== EXERCISE DESCRIPTION ==
In the entries below, find the line containing "Lever de soleil, Cercle" and the line containing "Sixty Eight 93". Copy those two lines and everything between them exactly, without the pictures.

== RECORDS ==
━━━━━━━━
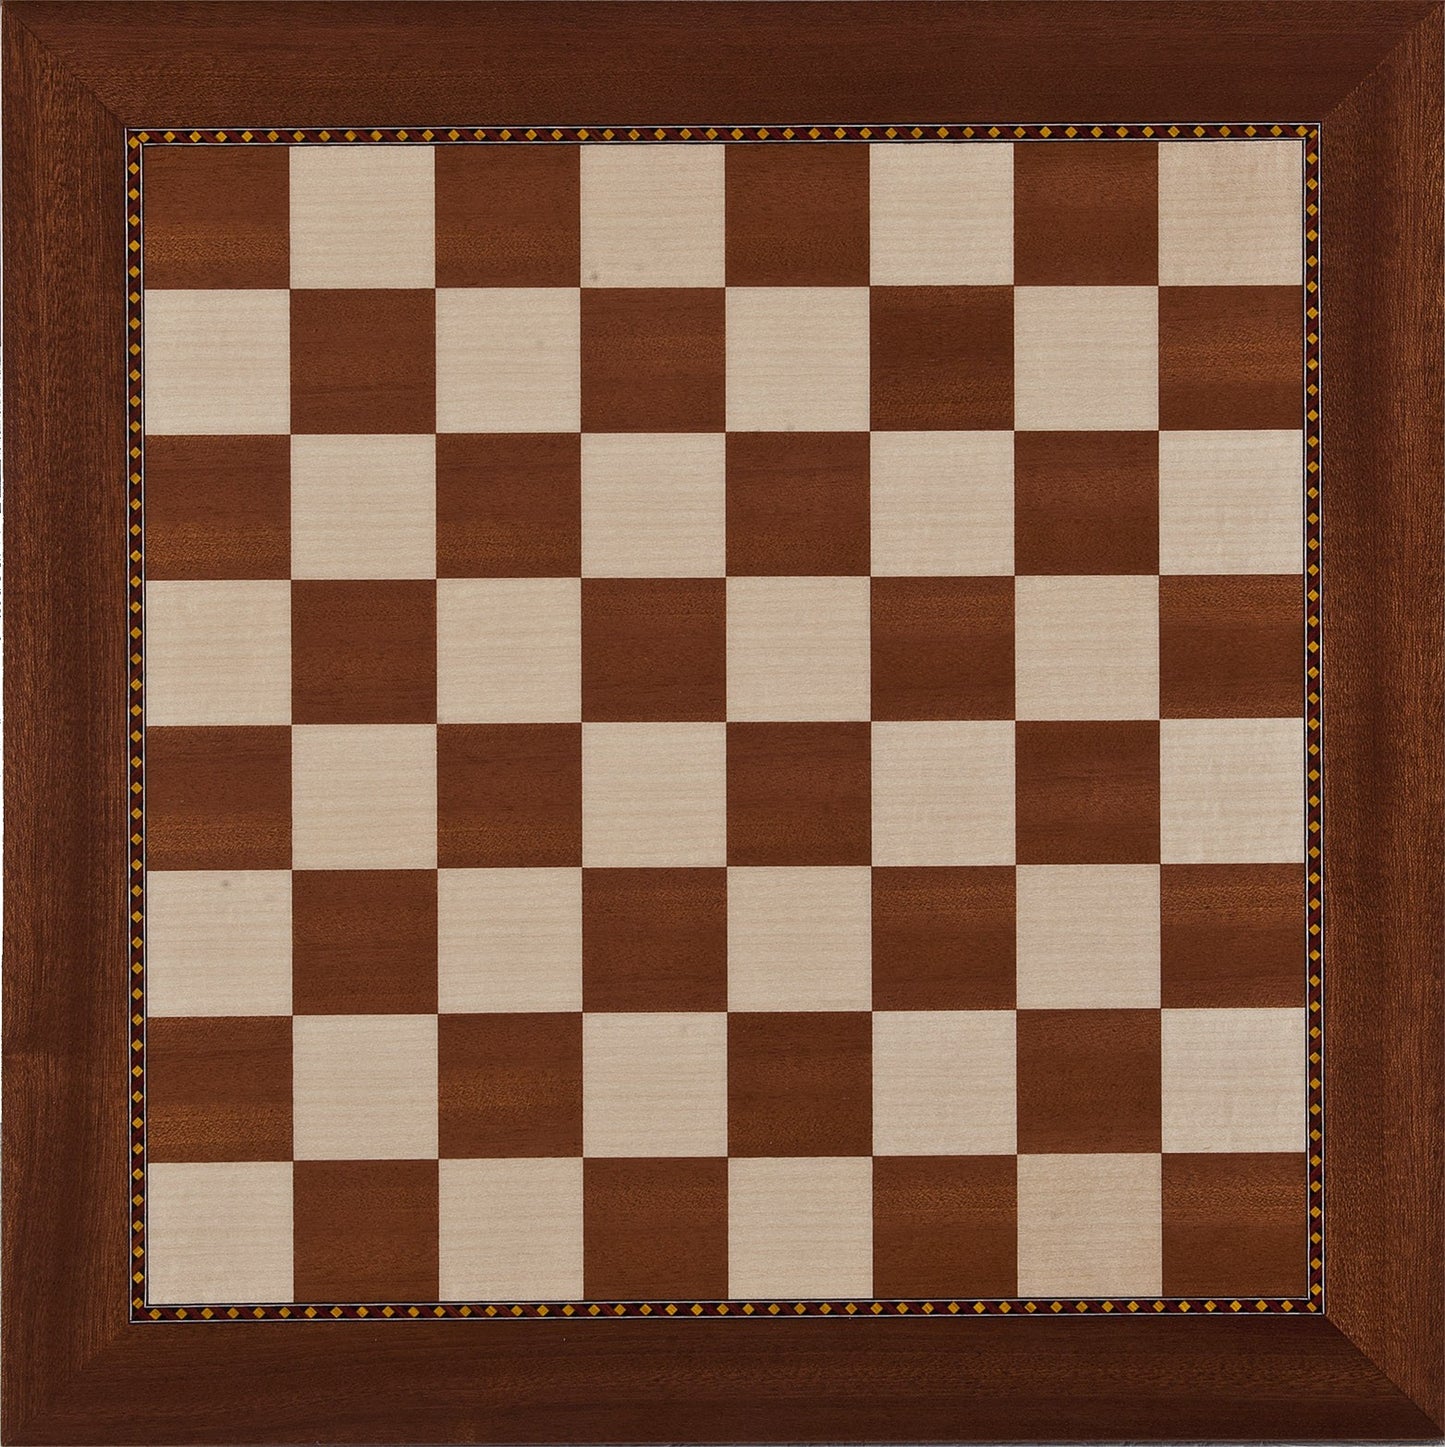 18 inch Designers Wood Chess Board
━━━━━━━━
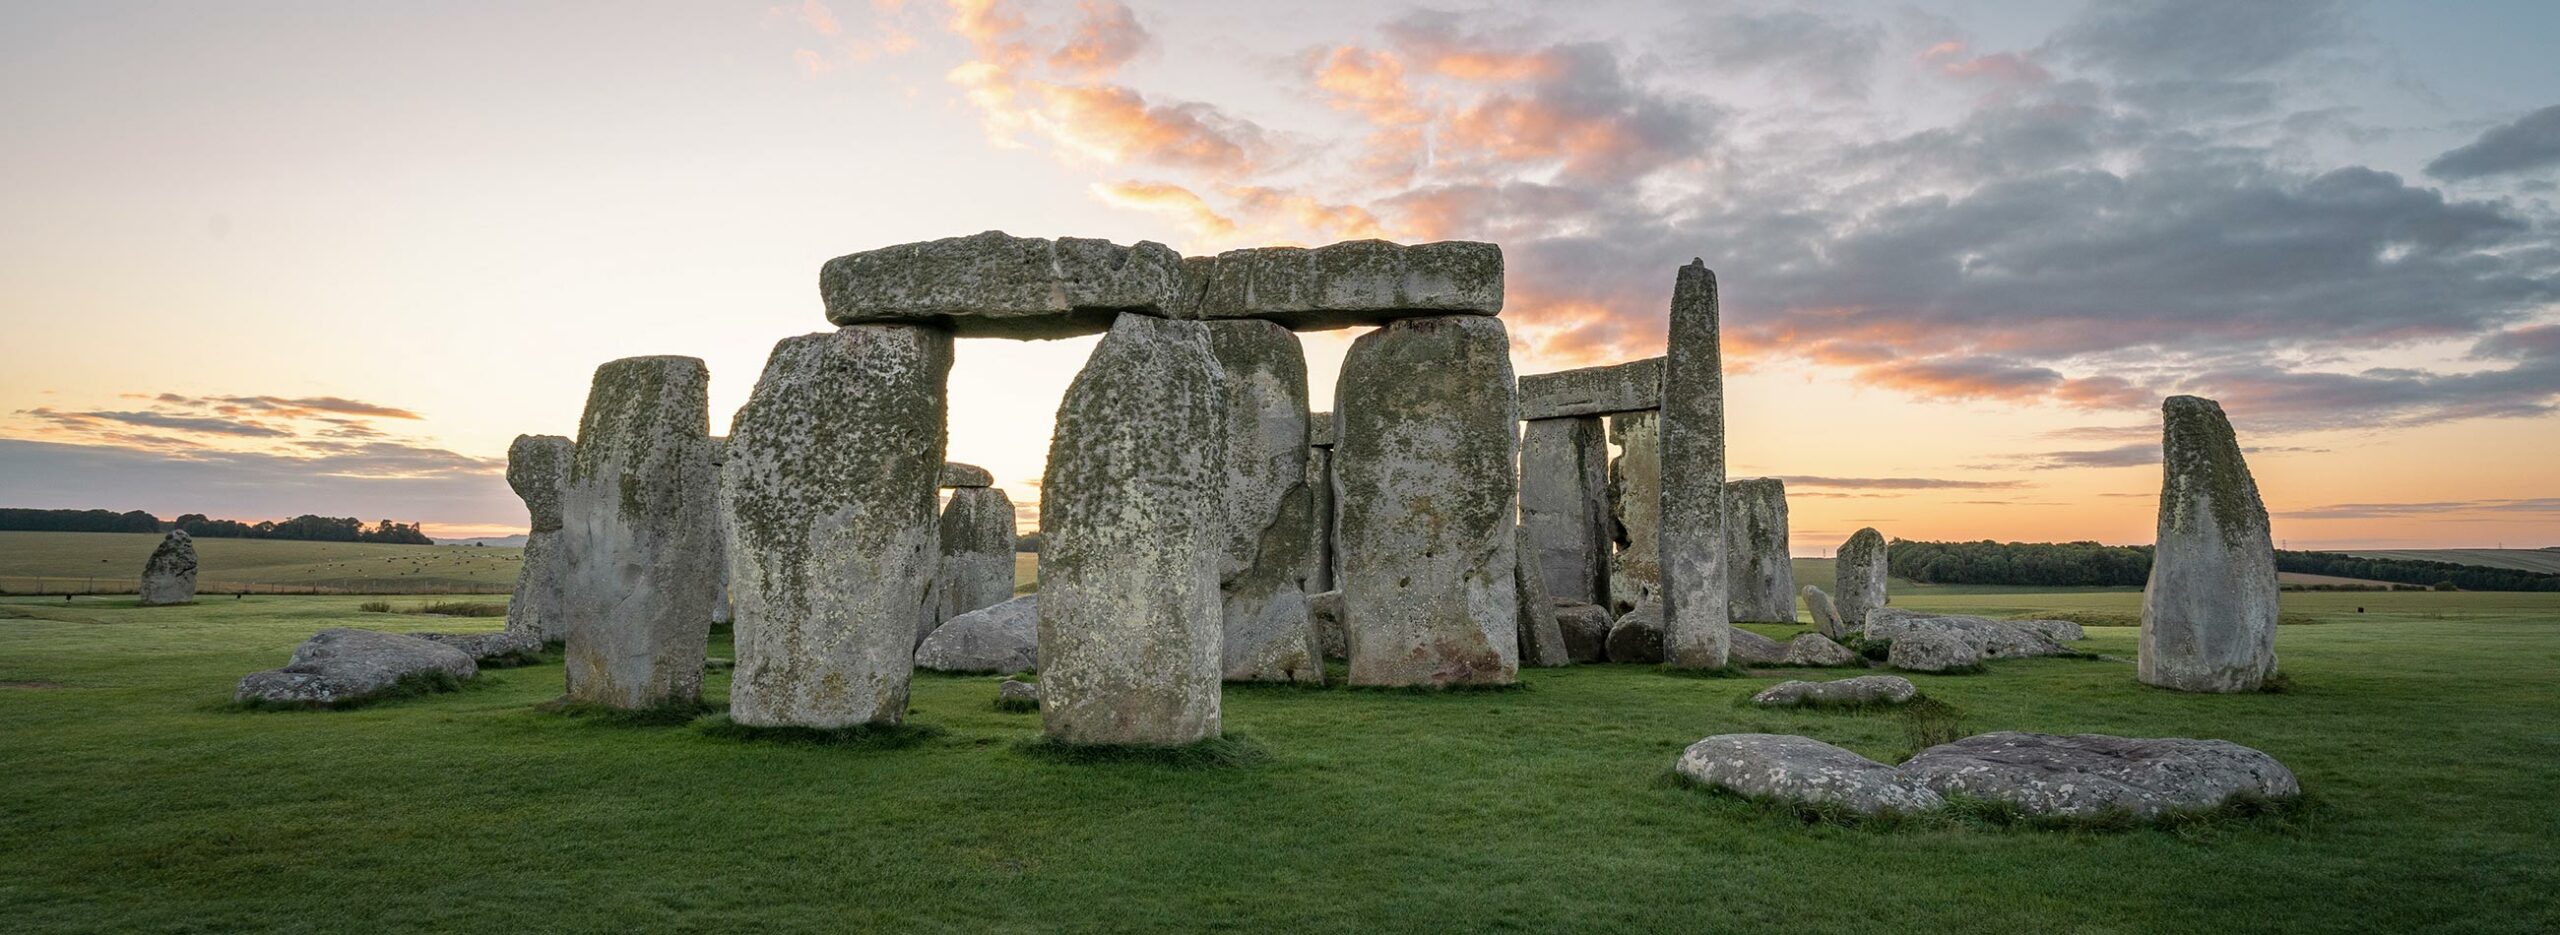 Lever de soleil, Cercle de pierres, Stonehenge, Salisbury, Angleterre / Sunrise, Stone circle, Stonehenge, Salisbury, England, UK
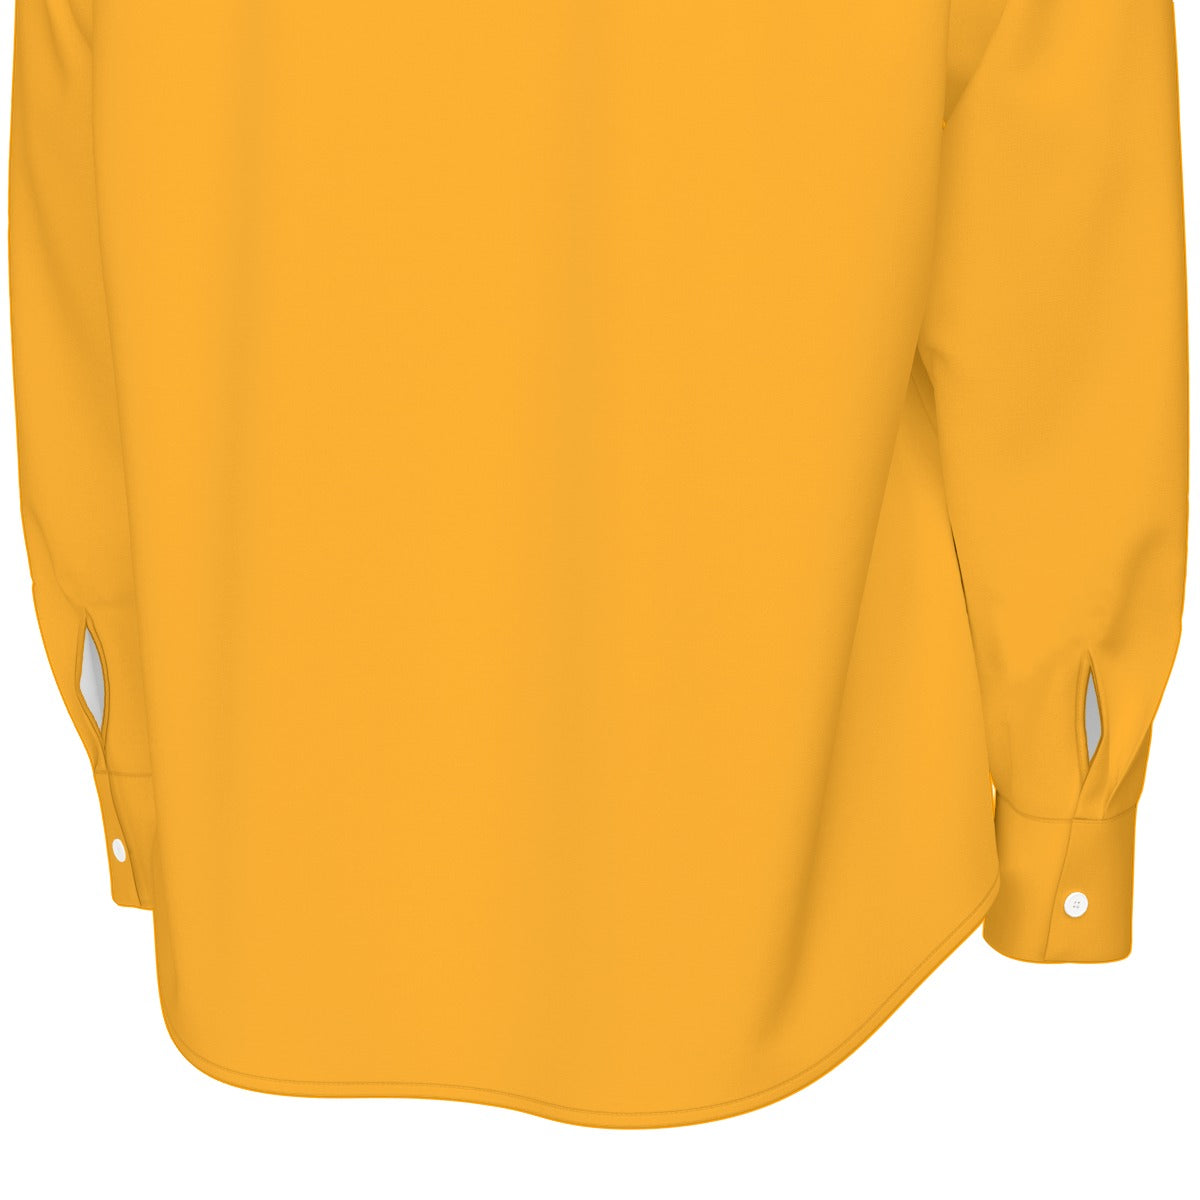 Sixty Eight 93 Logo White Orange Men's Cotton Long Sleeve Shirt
━━━━━━━━
== ANSWER BOX ==
 Lever de soleil, Cercle de pierres, Stonehenge, Salisbury, Angleterre / Sunrise, Stone circle, Stonehenge, Salisbury, England, UK
 Sixty Eight 93 Logo White Orange Men's Cotton Long Sleeve Shirt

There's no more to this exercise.